Lost in the analyzes

Good morning, I’m new to using mothur and I have no idea where to start, or a workflow to follow. I’m trying to do my analyzes according to the examples of analyzes available on the site. I have 10 sequencing samples from 16 sanger. And I’m using the Esophageal community analysis that’s on the site to do mine. Well, the first step I did was to align my sequences with the Silva database, using the command

align.seqs(fasta=merged.fasta,reference=silva.seed_v138_1.align)
Aligning sequences from merged.fasta …
3
2
2
3
It took 7 secs to align 10 sequences.

[WARNING]: 1 of your sequences generated alignments that eliminated too many bases, a list is provided in merged.flip.accnos.
[NOTE]: 1 of your sequences were reversed to produce a better alignment.

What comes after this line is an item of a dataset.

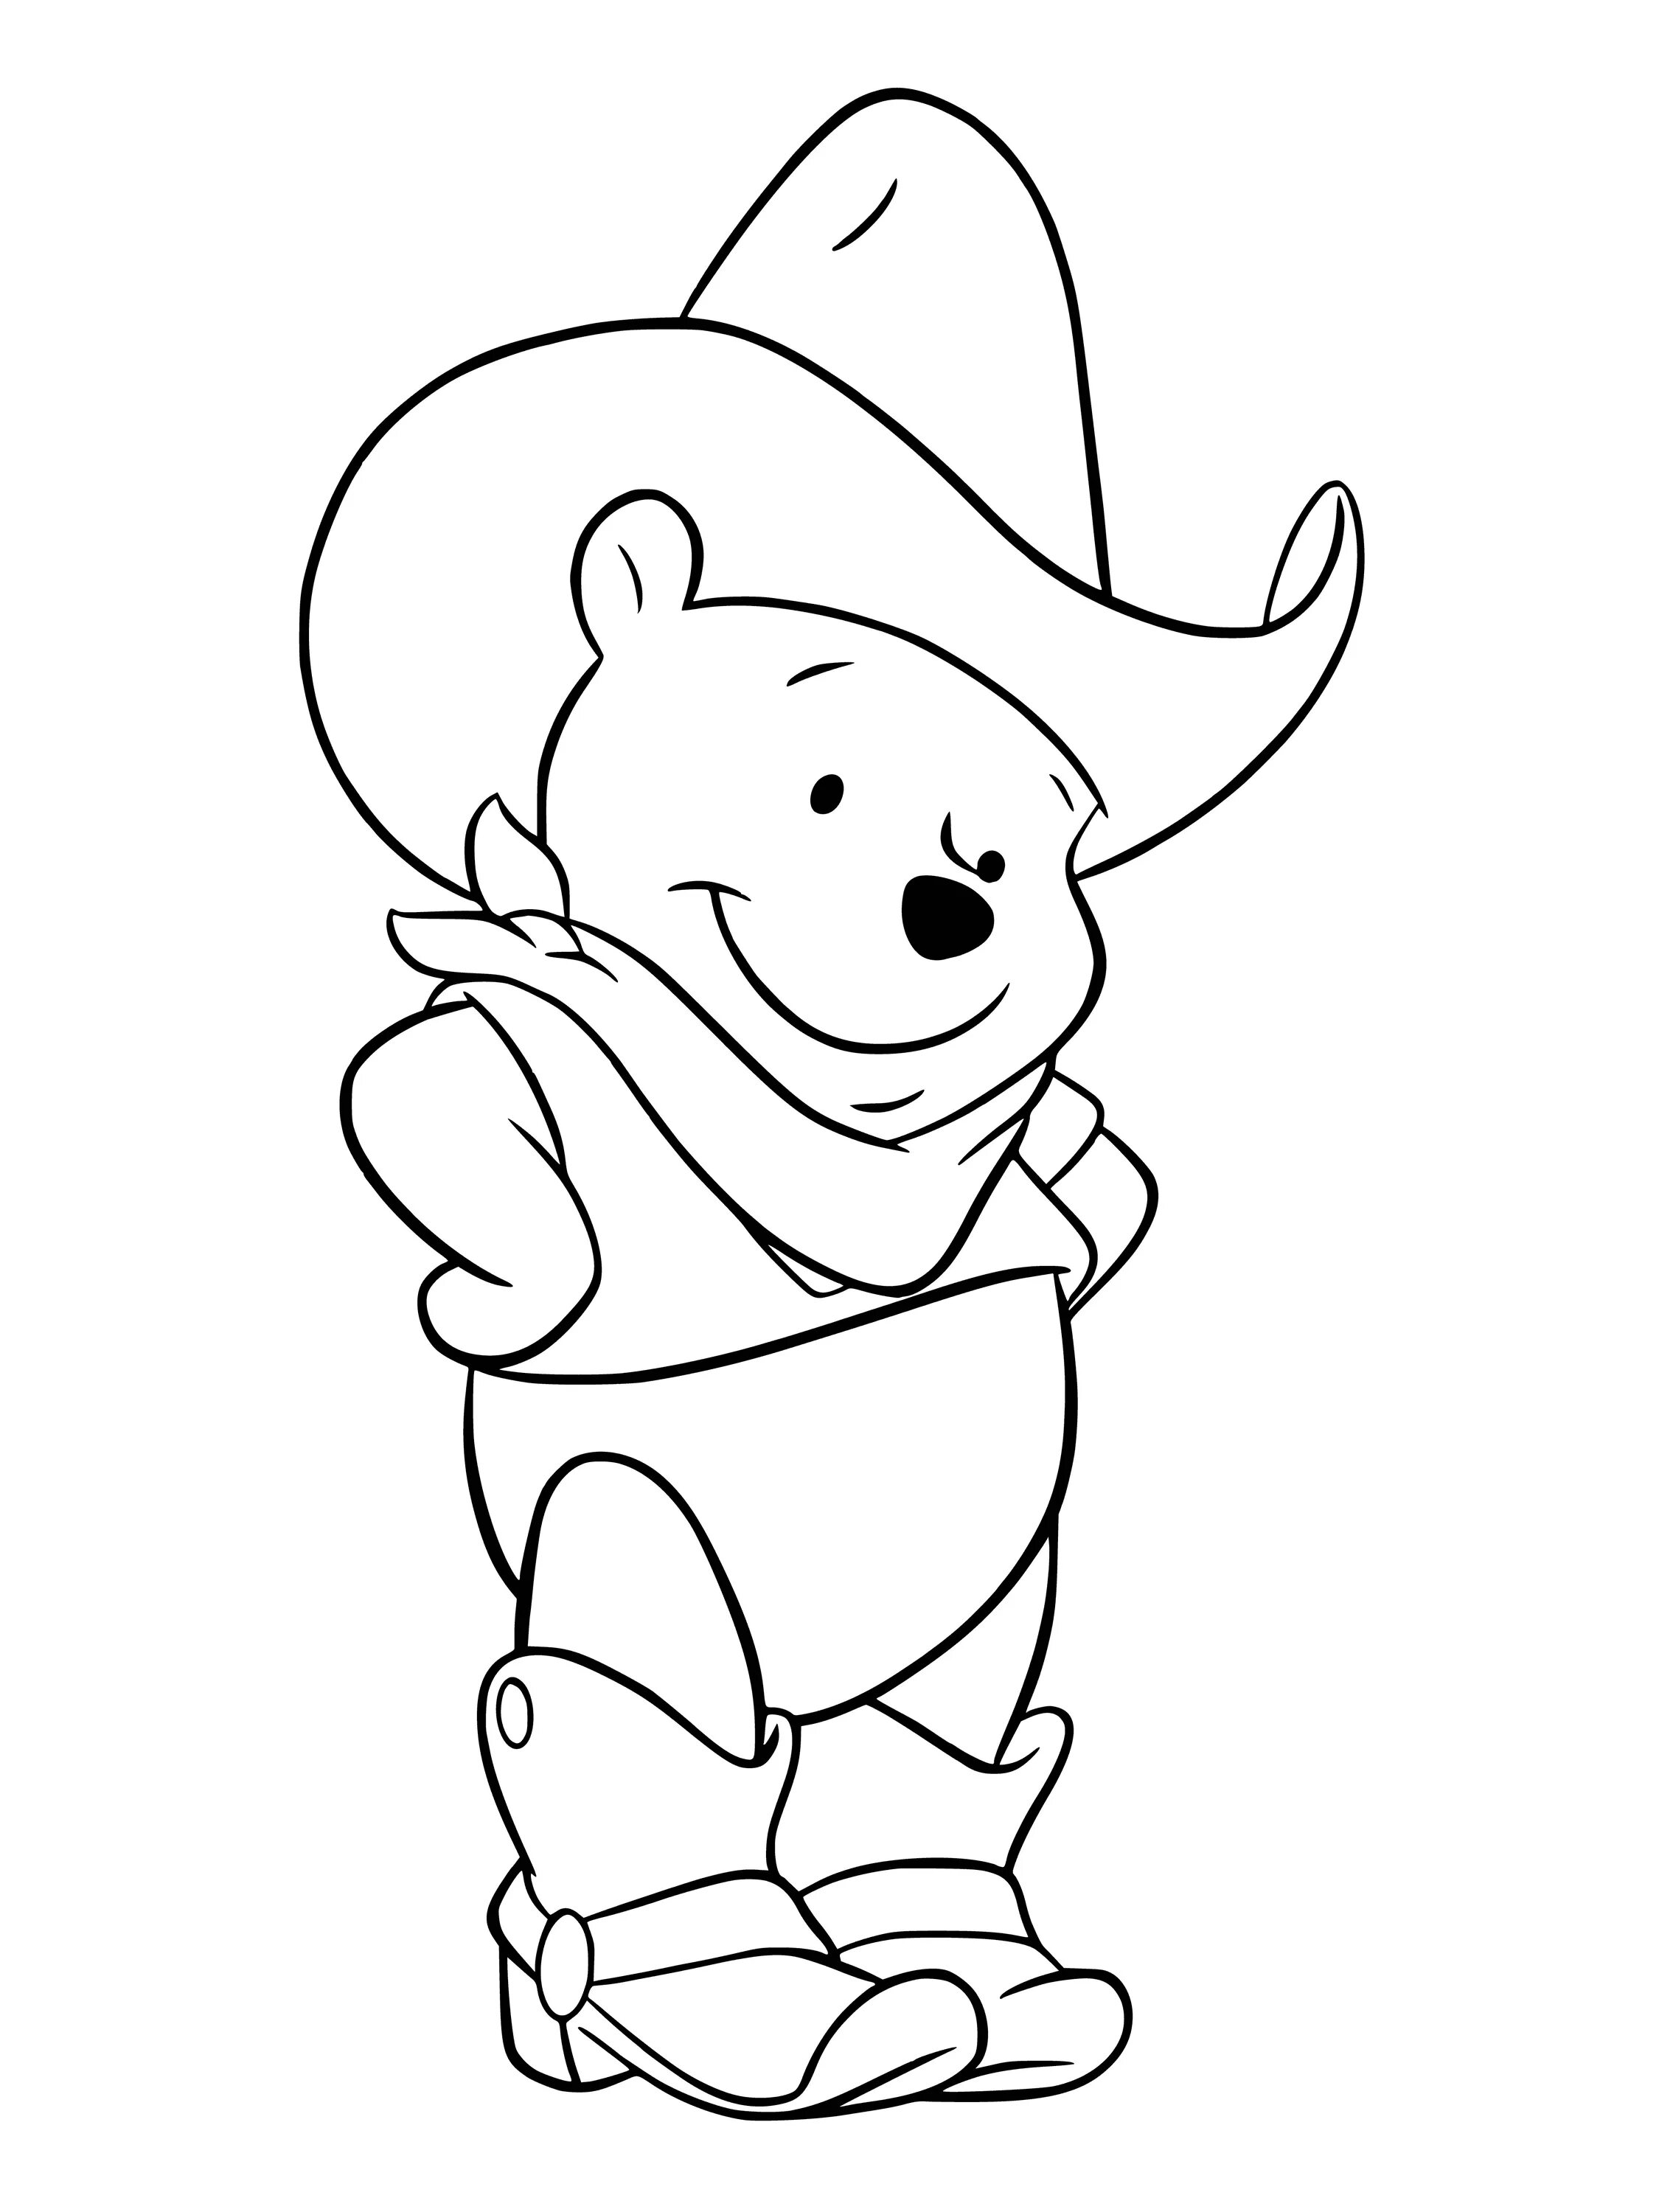 Disney-friendly coloring pages

It took 12 seconds to align 10 sequences.

Output File Names:
merged.align
merged.align_report
merged.flip.accnos

I didn’t understand if these [WARNING] and [NOTE] are good or bad. I also didn’t understand what this merged.flip.accnos file brought me, I didn’t understand what to do with it in the analyses. I followed the flow, according to the example analysis.

The next step I did a basic summary to see where my sequences overlap in the same region of the 16S rRNA gene.

summary.seqs(fasta=merged.align)
Using 4 processors.
Start End NBases Ambigs Polymer NumSeqs
Minimum: 1044 6117 271 0 4 1
2.5%-tile: 1044 6117 271 0 4 1
25%-tile: 1044 15650 496 0 4 3
Median: 1044 16319 536 0 4 6
75%-tile: 1044 21303 562 0 4 8
97.5%-tile: 9820 31135 598 0 5 10
Maximum: 9820 31135 598 0 5 10
Mean: 1921 17574 509 0 4

of Seqs: 10

It took 0 secs to summarize 10 sequences.

Output File Names:
merged.summary

my set of sequences is small, but even so I look for good quality sequences among them. Then I performed the command
screen.seqs(fasta=merged.align,start=9820,end=6117,maxambig=5)

Using 4 processors.
2
2
3
3

It took 0 secs to screen 10 sequences, removed 0.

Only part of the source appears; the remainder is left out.